How do we introduce assisted dying? Experts and politicians hope someone else has the answer | Gaby Hinsliff
Such a profound social change needs consensus and leadership. Those tasked with seeing this through are offering neither
There is something about the sound of Prof Sir Chris Whitty’s voice that inexorably takes me back. Whenever he speaks it’s hard not to think about R numbers and social distancing, masks and variants. His was the judgment we learned to trust in the days when the only certainty was that thousands were going to die; his the not-quite-inscrutable face we studied for clues that some politician had just said something stupid. For those reasons and more, I would very much like to know what the chief medical officer thinks about assisted dying for terminally ill people. But when he came before the committee scrutinising this most sensitive of issues on Wednesday, he wouldn’t say.
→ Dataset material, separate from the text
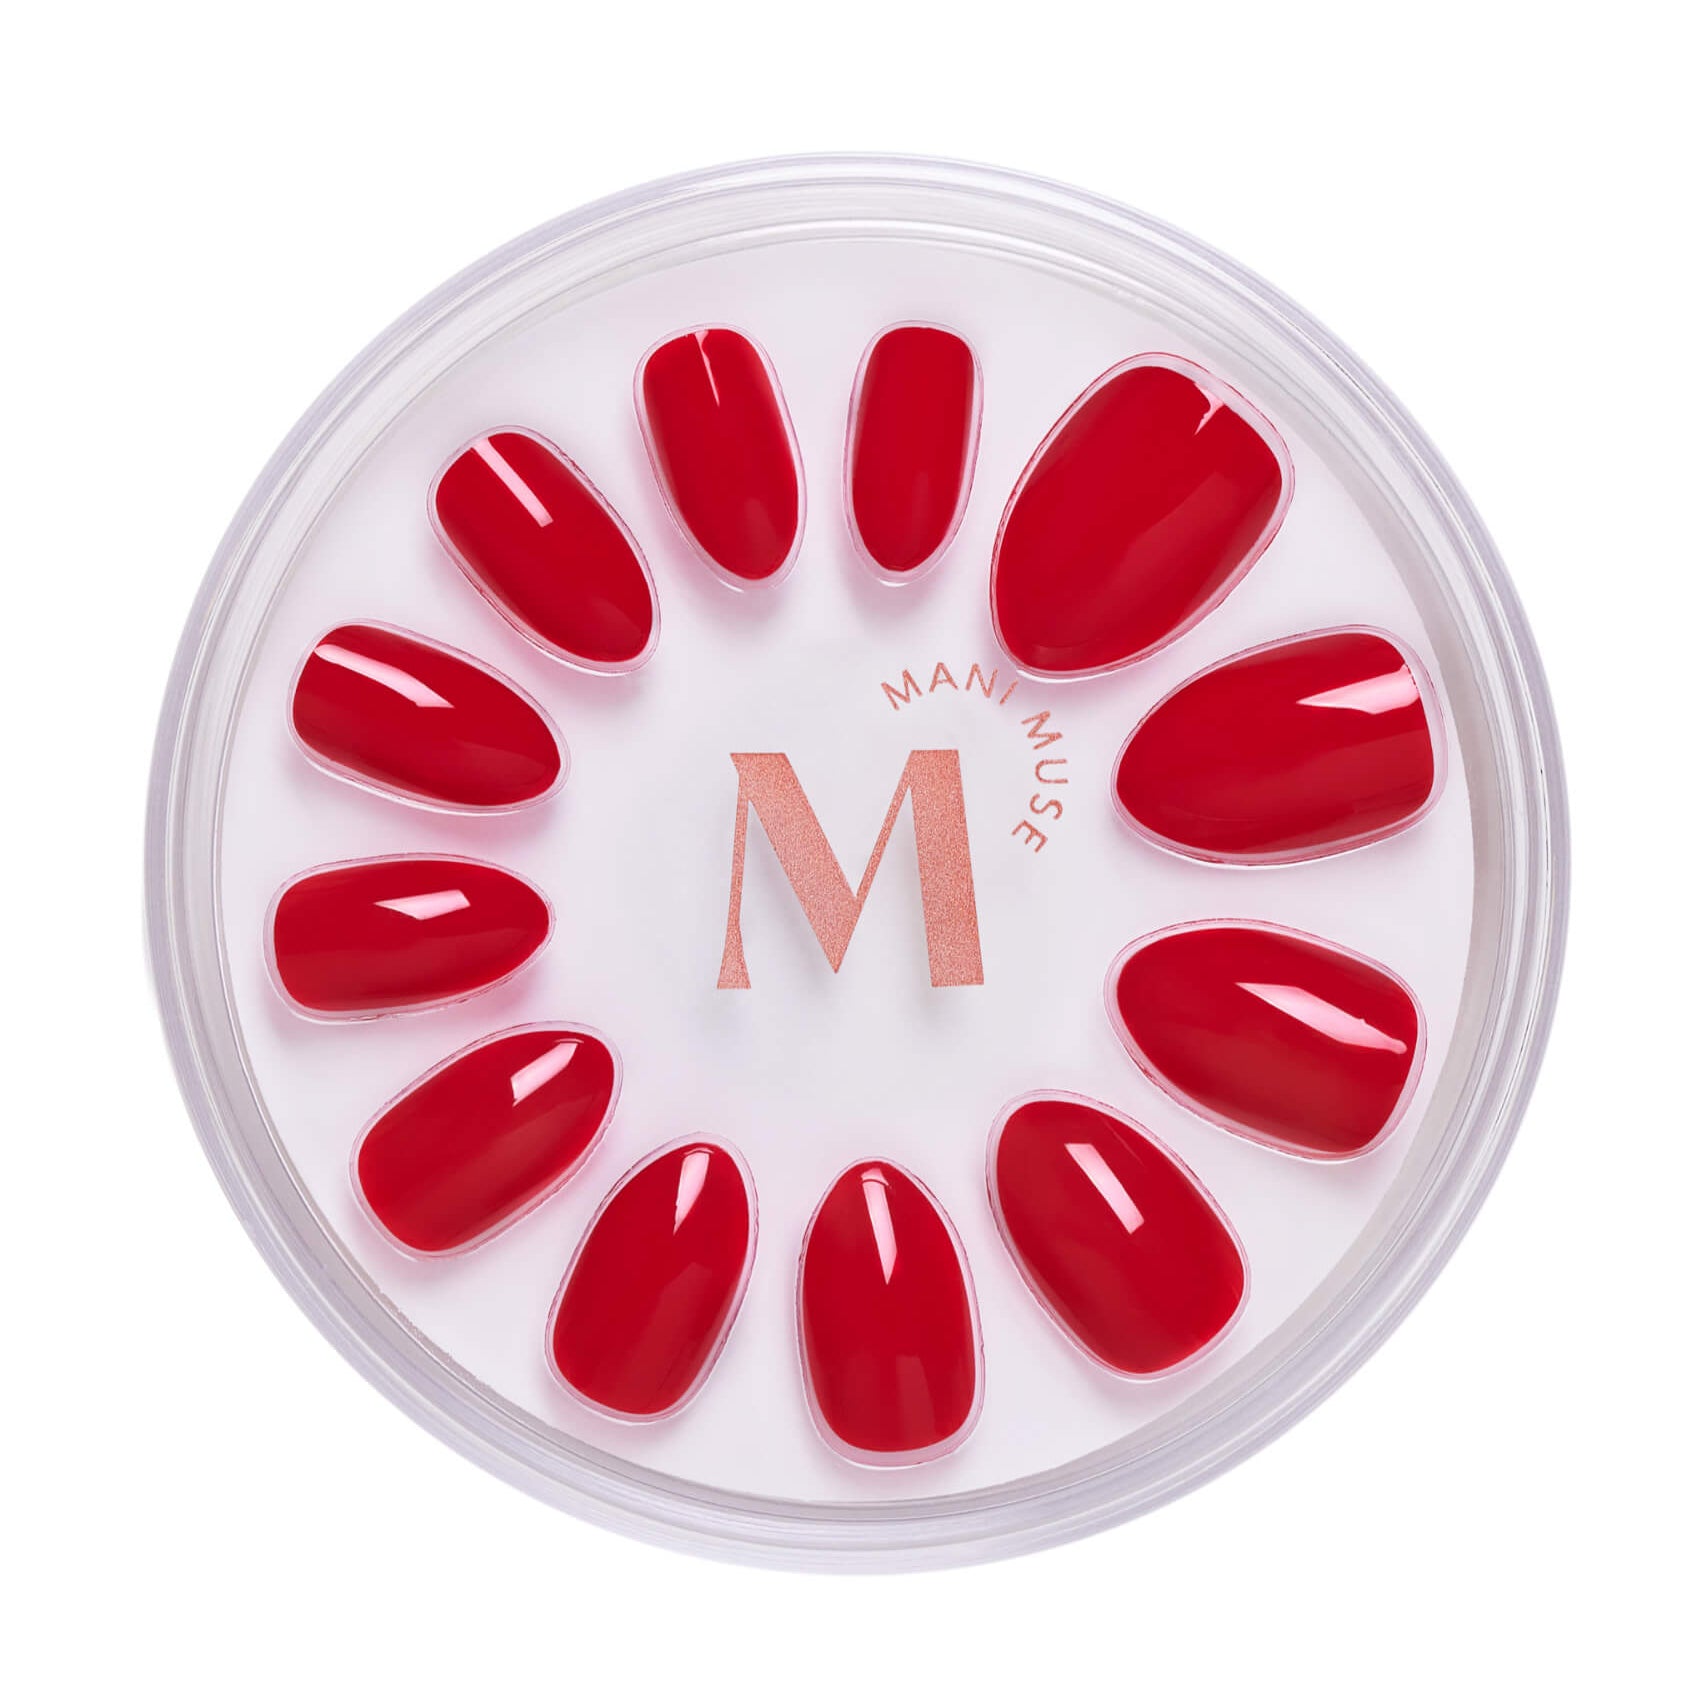 Mani Muse Caught Red Handed Press-on Nails - Almond

Whitty answered all questions posed about the proposed new law, including how accurately doctors can predict that someone has only six months left. (Not entirely, though he explained that they’re better at predicting that death will come in the foreseeable future – which seems more important here than whether it’s five, six or seven months exactly, though Whitty didn’t say the last part.) He wasn’t asked how well doctors can predict what that death might be like: how much pain or indignity it’s likely to involve, which might be equally hard to say but is what I’d want to know. (Some apply for assisted death without ever using the option, just to know it is there if needed.)